One of the most obvious instances of transfer of items of value over the internet is intellectual property: i.e. artistic works such as books, images, movies, etc. Today the wide scale distribution of all of these creative works is handled by a few ‘middlemen’ such as Amazon, iTunes, etc. This introduces two major forms of restriction: the physical bottleneck of client-server networking, where every consumer must pull from a central controlled repository; and the financial bottleneck of unitary control over distribution, with the associated profits and added expense to the consumer.
Even before blockchain, various artists have been exploring making more direct connections with their consumers, taking more control over the distribution of their art, and changing the marketing process and value chain.
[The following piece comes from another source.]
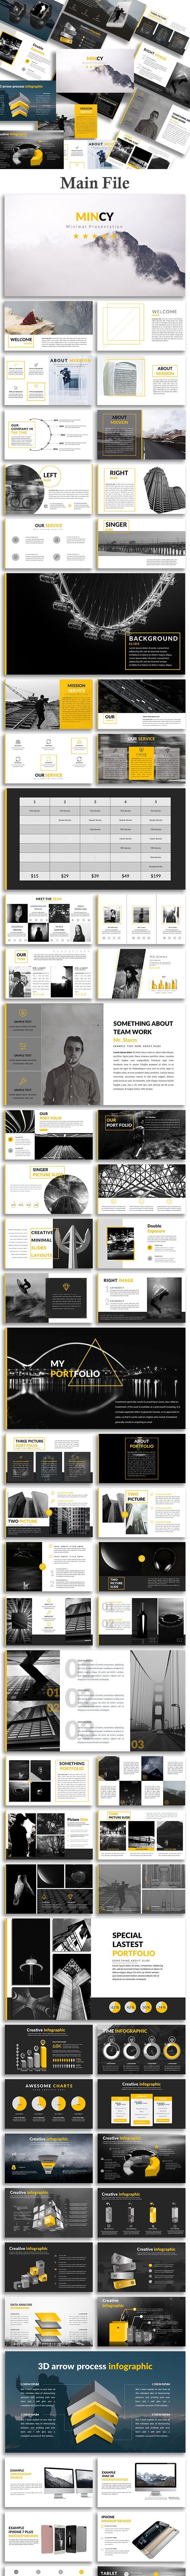 Mincy - Creative PowerPoint Template - Creative PowerPoint Templates
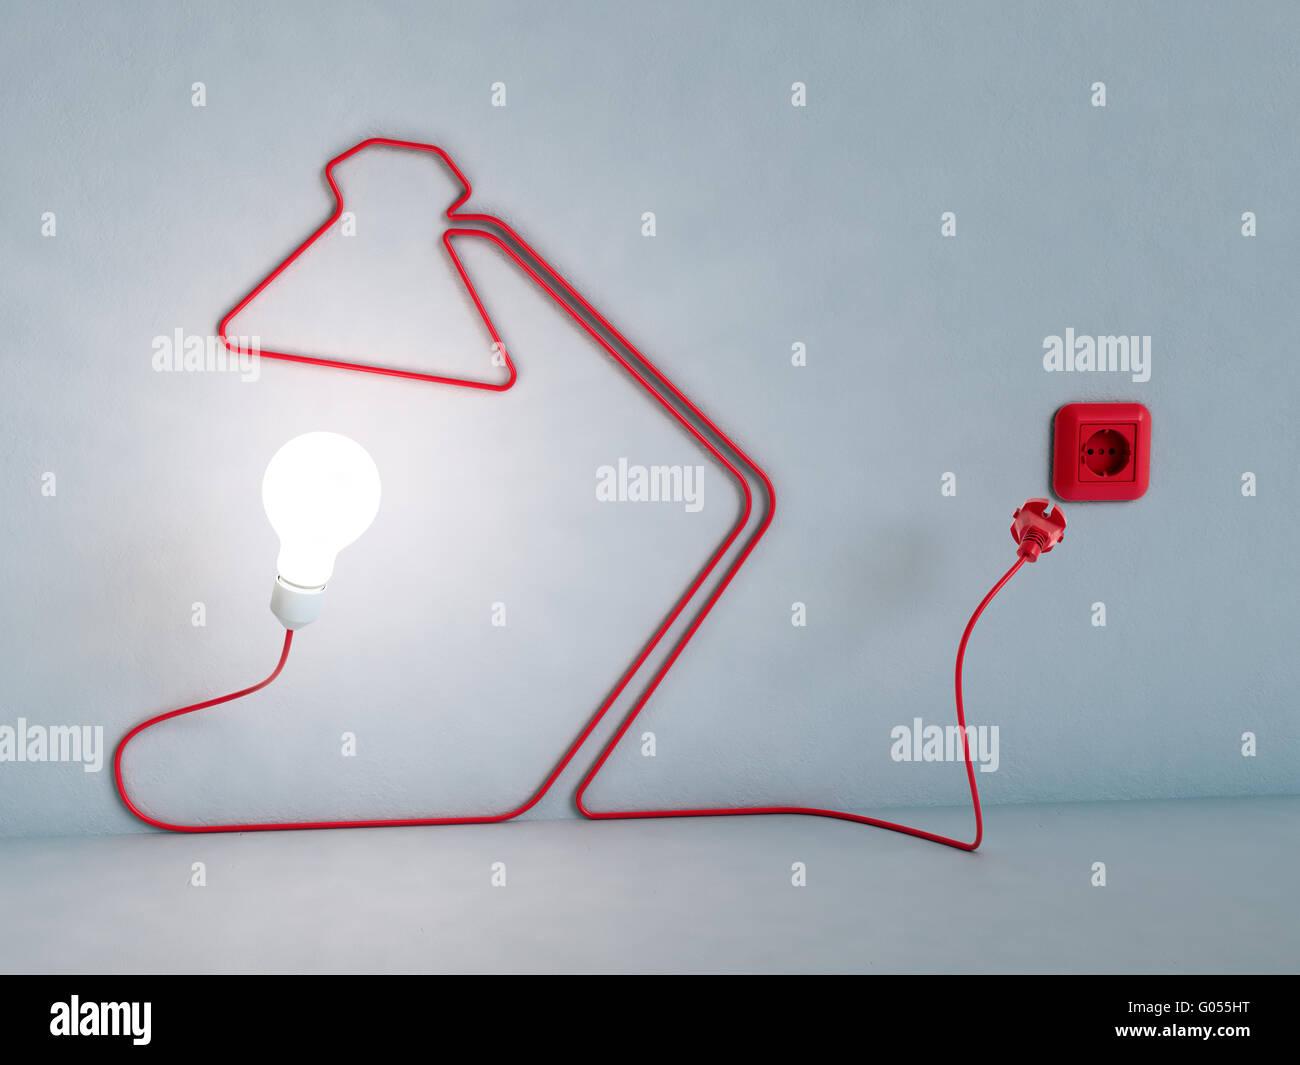 Lampe förmigen Stromkabel - Energie und Kreativität-Konzept Stockbild

Interestingly the most successful (particularly in the world of music) are all women: Taylor Swift, Beyoncé, Lady Gaga. Each is now marketing on a direct to fan basis via social media, with followings of millions of consumers. A natural next step will be direct delivery of content to these same users via blockchain – which will have even a large effect on the music industry than iTunes ever did.
SingularDTV is attempting the first ever feature film to be both funded and distributed entirely on a blockchain platform. The world of decentralized distribution is upon us, and will forever change the landscape of intellectual property distribution and monetization. The full effects of this are deep and wide-ranging, and would occupy and entire post… (maybe soon).
In summation, these two notable technologies will continue the democratization of data, originally begun with the printing press, and allow even more users to access information, entertainment and items of value without the constraints of a narrow and inflexible distribution network controlled by a few.